### RECORD SET
--- START ---

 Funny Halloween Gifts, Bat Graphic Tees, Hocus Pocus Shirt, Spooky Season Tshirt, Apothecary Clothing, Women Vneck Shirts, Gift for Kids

--- END ---
--- START ---

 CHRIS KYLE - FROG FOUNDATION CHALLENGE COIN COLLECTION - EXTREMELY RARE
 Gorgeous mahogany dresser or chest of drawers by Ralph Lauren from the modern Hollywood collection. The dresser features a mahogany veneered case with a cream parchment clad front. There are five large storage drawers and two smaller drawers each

--- END ---

### TASK TO CARRY OUT
An exact copy of the lines above, from the one containing "CHRIS KYLE - FROG" through the one containing "Gorgeous mahogany dresser", is the whole of the answer.

### OUTPUT OF THE EXERCISE
 CHRIS KYLE - FROG FOUNDATION CHALLENGE COIN COLLECTION - EXTREMELY RARE
 Gorgeous mahogany dresser or chest of drawers by Ralph Lauren from the modern Hollywood collection. The dresser features a mahogany veneered case with a cream parchment clad front. There are five large storage drawers and two smaller drawers each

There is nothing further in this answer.